SH 171 Summer-2020

Page 35

Nantucket has been a summer holiday destination for more than 150 years. Pleasure boating was well established as a feature of the island’s summer scene long before the Nantucket Yacht Club was founded in 1906. The club immediately organized races, where its members pitted their catboats, knockabouts, and other recreational craft against each other. Because different boats have different performance characteristics, a system of handicapping was developed for certain races to make the competition fairer, and boats of similar rigs or designs were raced only against each other. Before long, the yacht club, like many other clubs across the country, sought to encourage members to invest in boats all built to the same design to eliminate the need for handicapping. The first step in this direction on Nantucket came in 1910, when a committee at the yacht club commissioned 25-year-old B. Karl Sharp (1884–1962) to design a 13-foot catboat for members’ use as a “one-design” racing boat. Sharp was a lifelong island summer resident and a son of Dr. Benjamin Sharp (1858–1915), a gifted zoologist and sailor who contributed extensively to the cultural life of Nantucket. The elder Sharp instilled in his two sons a deep love of sailing, which led Karl both to a lifetime of yachting and to the study of naval architecture at MIT, earning a degree in 1907. He and E. A. Edwards founded the firm of Edwards and Sharp, naval architects and marine engineers, soon after graduating from university.

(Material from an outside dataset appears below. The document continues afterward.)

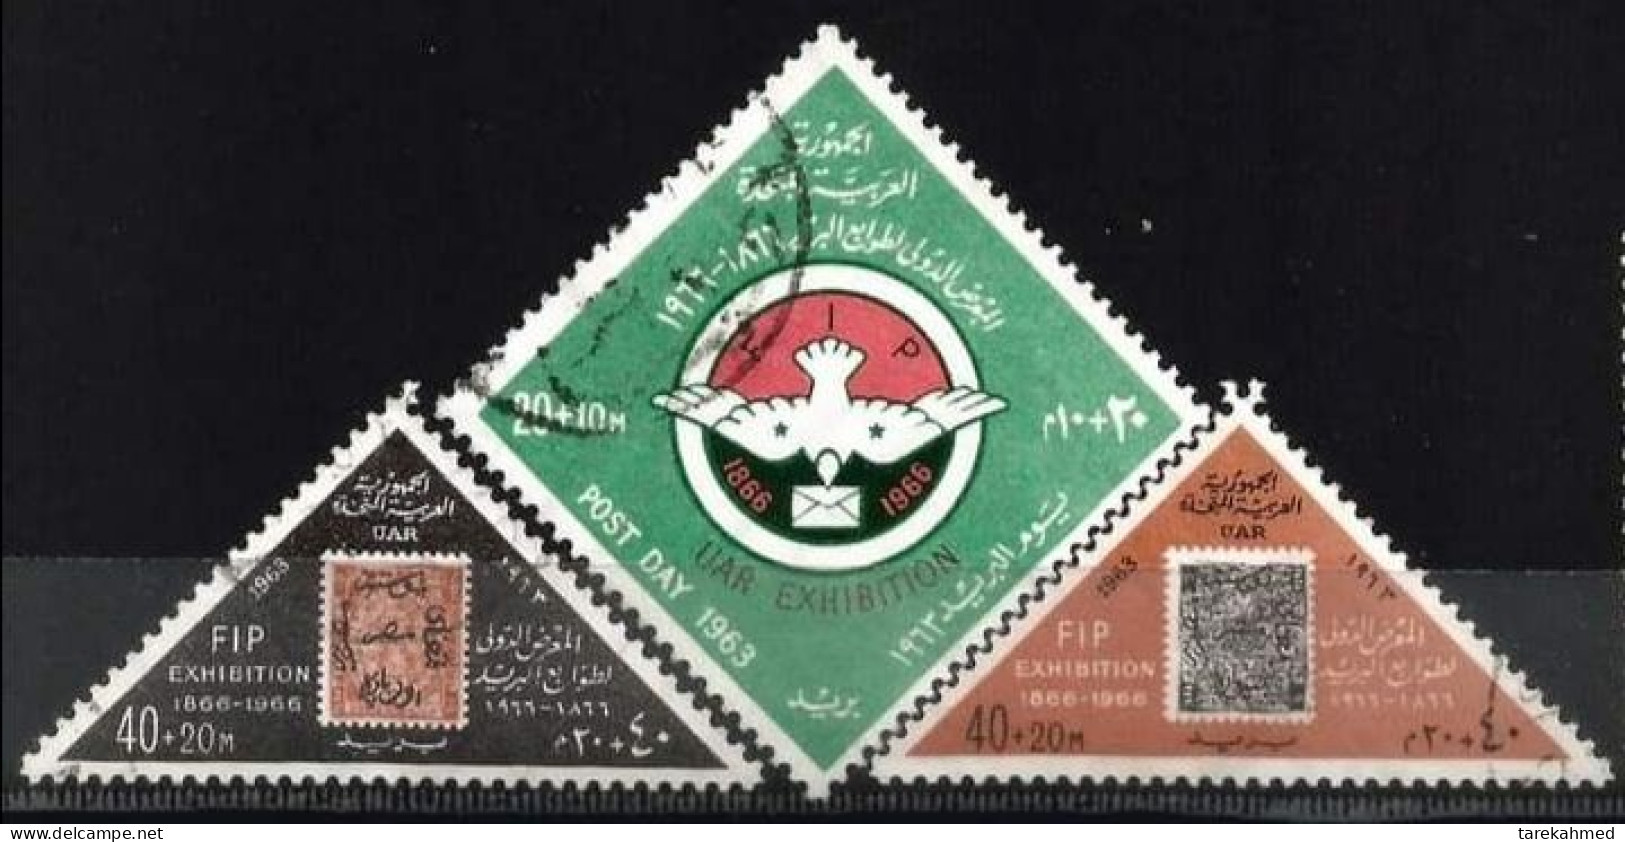 EGYPTE 1963, FIP & UAR Exhibition, YVERT N°555/57, VF - Usati

Karl Sharp’s design for a 13-foot one-design catboat, 1910. Sharp’s one-design catboat for the Nantucket Yacht Club was intended to be a small and affordable boat for racing. Measuring 13' overall and 6' 2" in beam, the design carried a 20' mast and a 16' 8" boom to support a 175-square-foot sail. Six yacht club members stepped forward to order boats, which the M. J. Casey Co. of New Bedford, Massachusetts, delivered to Nantucket in July 1910. The boats cost $150 each, plus $10 for Sharp’s plans and his “supervision of the builders.” The original owners were James Cunningham Bishop, F. A. Dillingham, Sidney Este, Alfred Gardiner, Lila Hedges, and Mrs. Henry O. (Jenny) Underwood.

Captain George A. Veeder (far left) with a party of holidaymakers aboard the Seminole, 16 August 1886. The Seminole was typical of the large catboats that operated out of Nantucket at the end of the nineteenth century.